** AVAILABLE DATA follows **

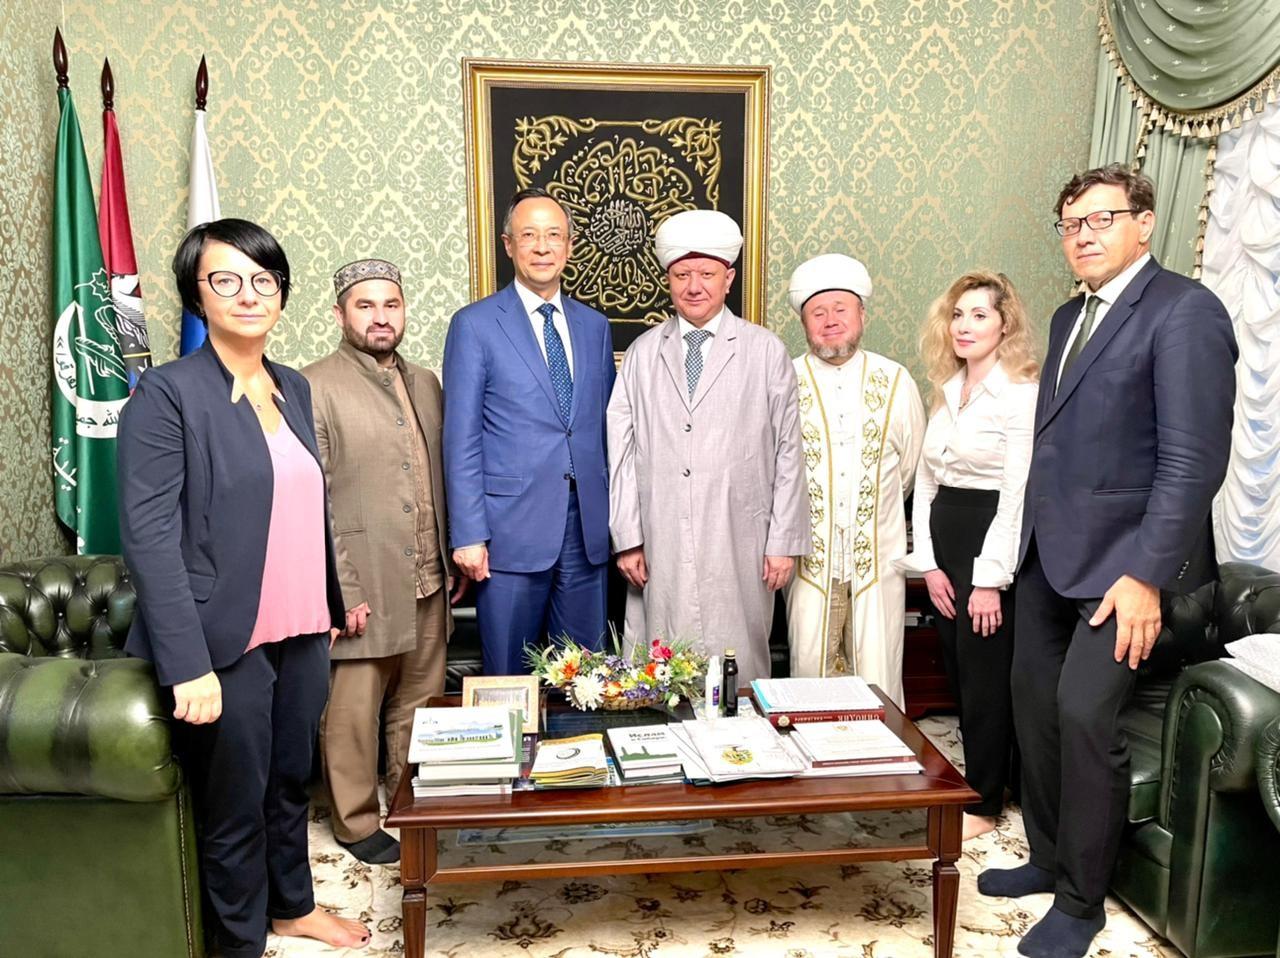 ДСМР и ОБСЕ выходят на новый уровень сотрудничества
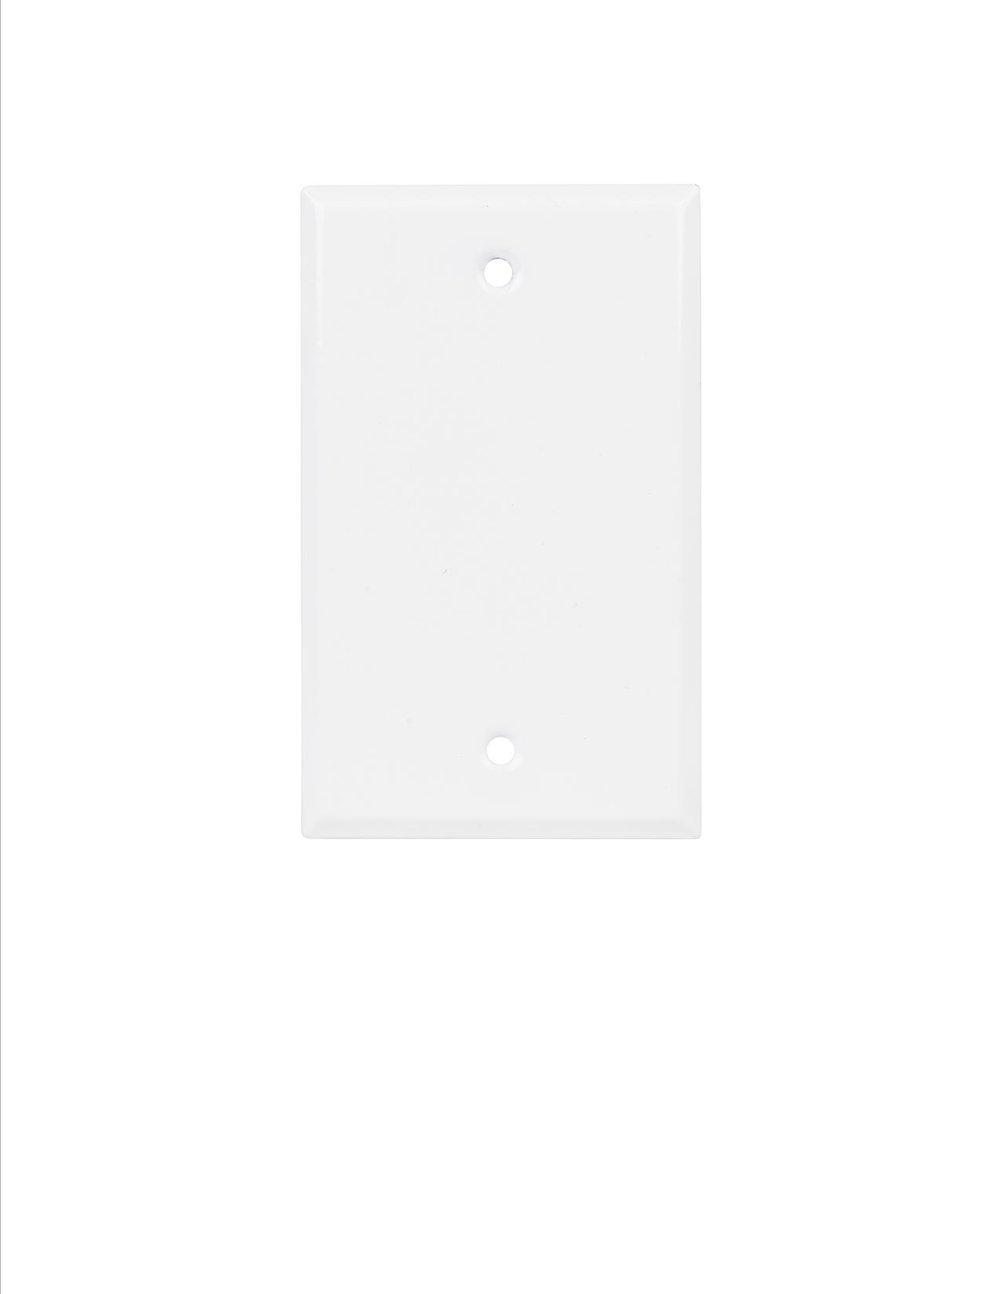 Q-ROOM PLATE WHITE 1.jpg
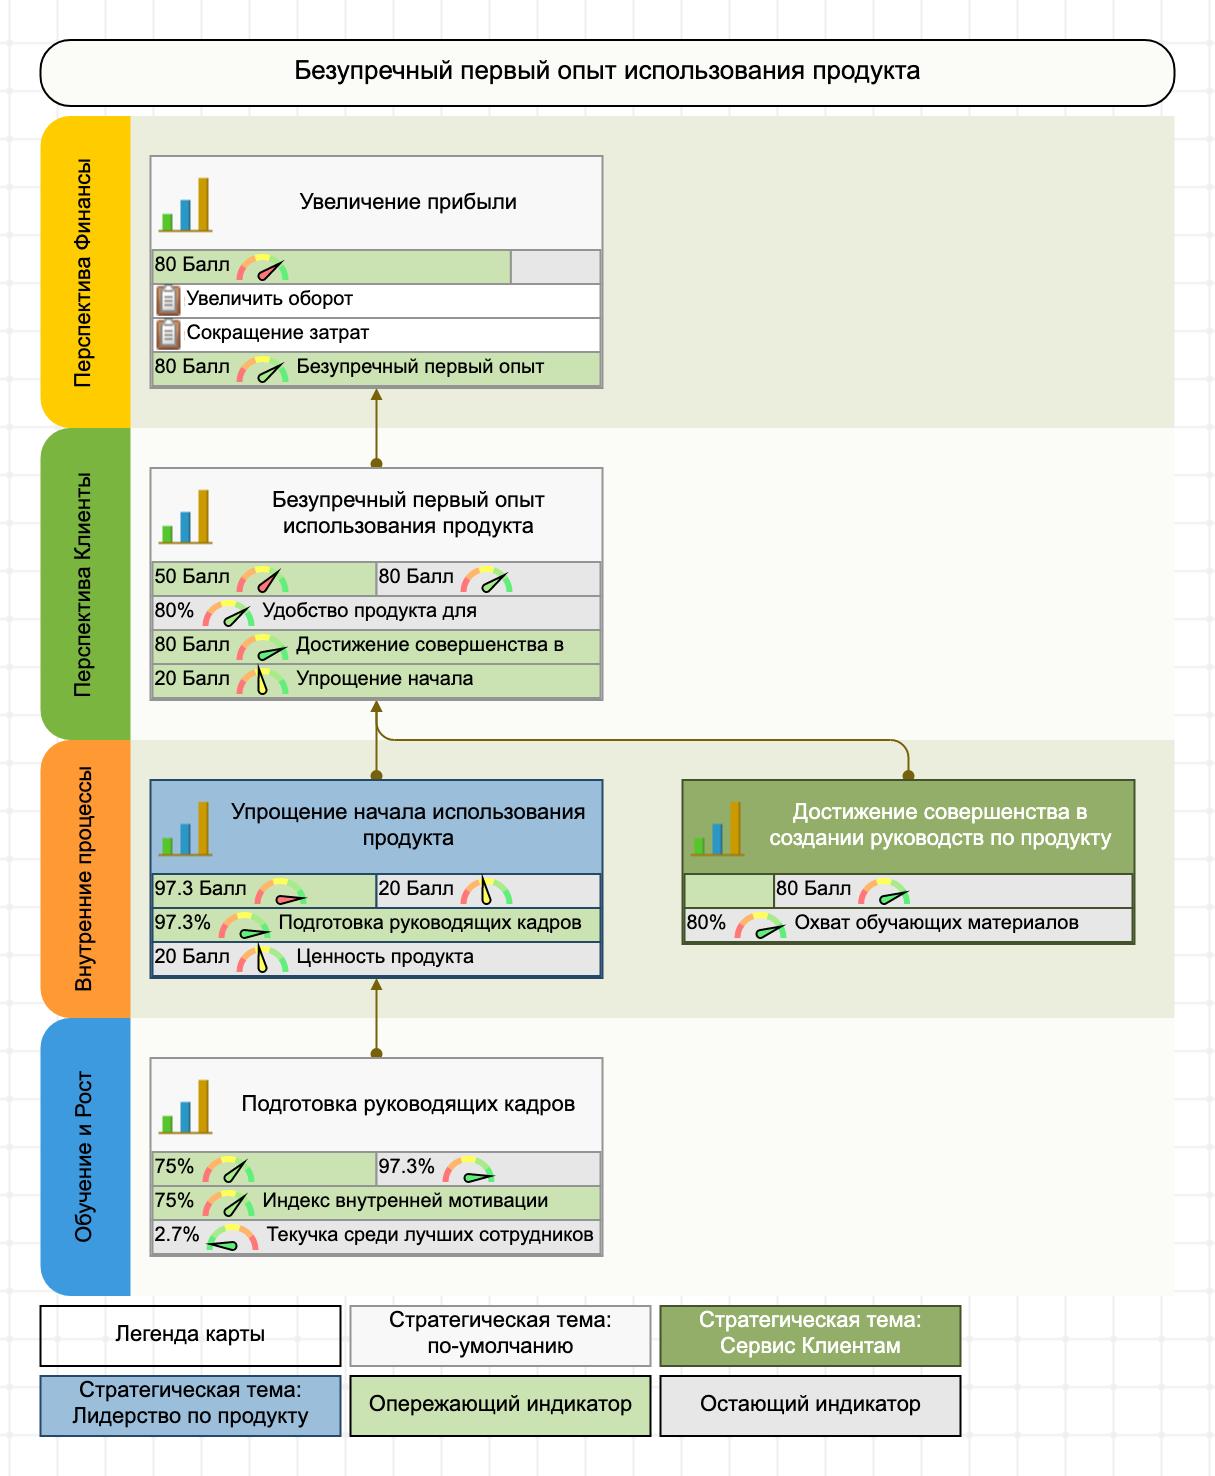 Пример стратегической карты для продукта
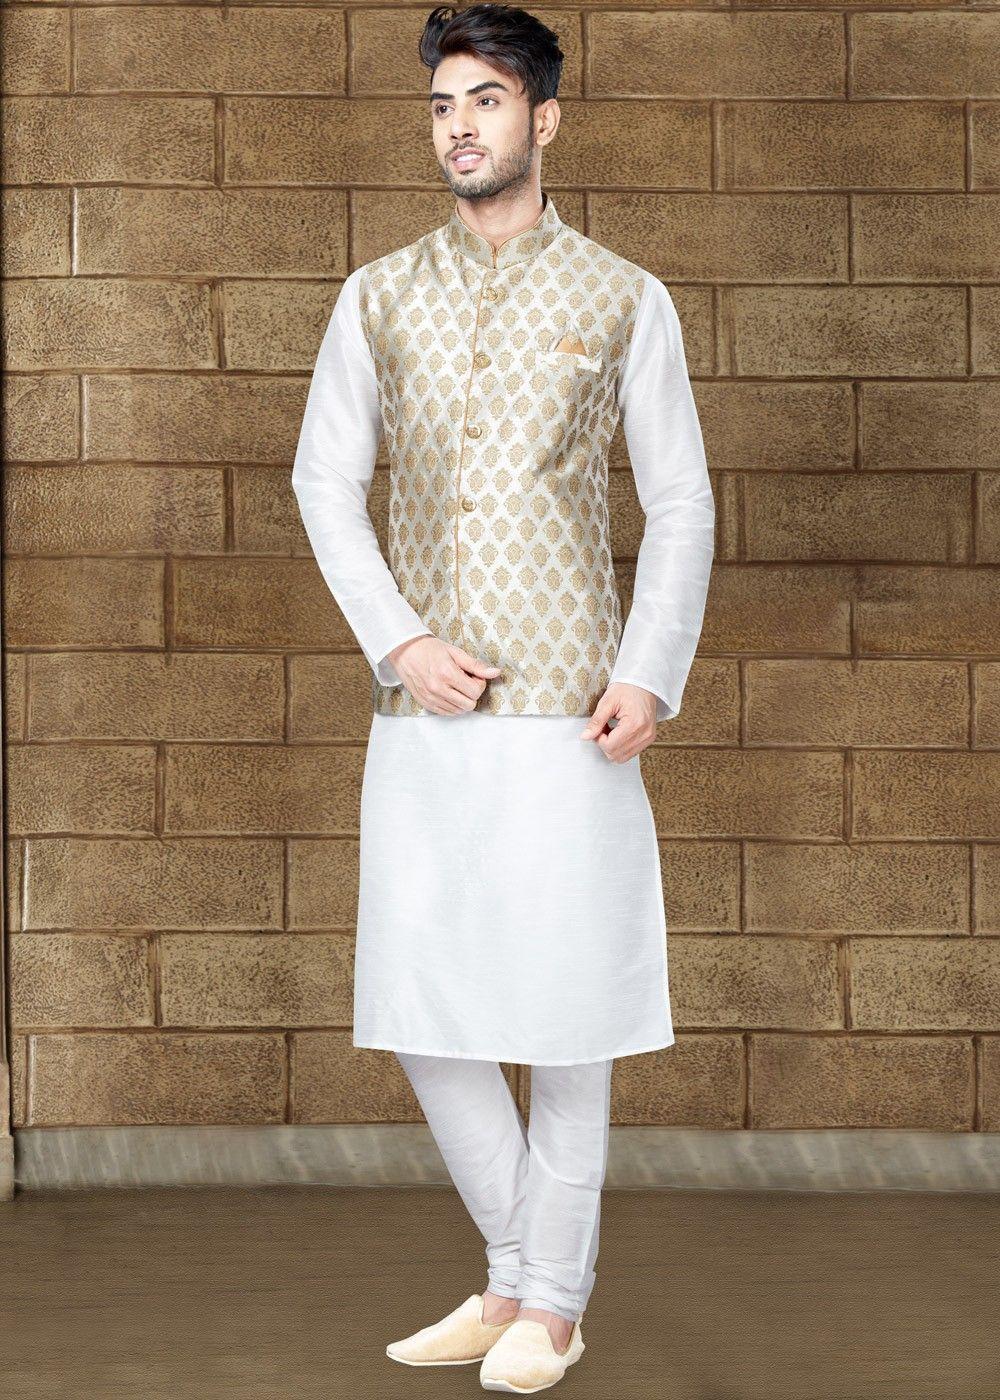 Readymade White Kurta Pajama and Nehru Jacket

** End of AVAILABLE DATA **

__TASK BRIEF__.
The lines from the one holding "Q-ROOM PLATE WHITE 1.jpg" through the end of the material above are to be echoed exactly, both ends included. Do not include pictures.

__REPLY TO THE EXERCISE__.
 Q-ROOM PLATE WHITE 1.jpg
 Пример стратегической карты для продукта
 Readymade White Kurta Pajama and Nehru Jacket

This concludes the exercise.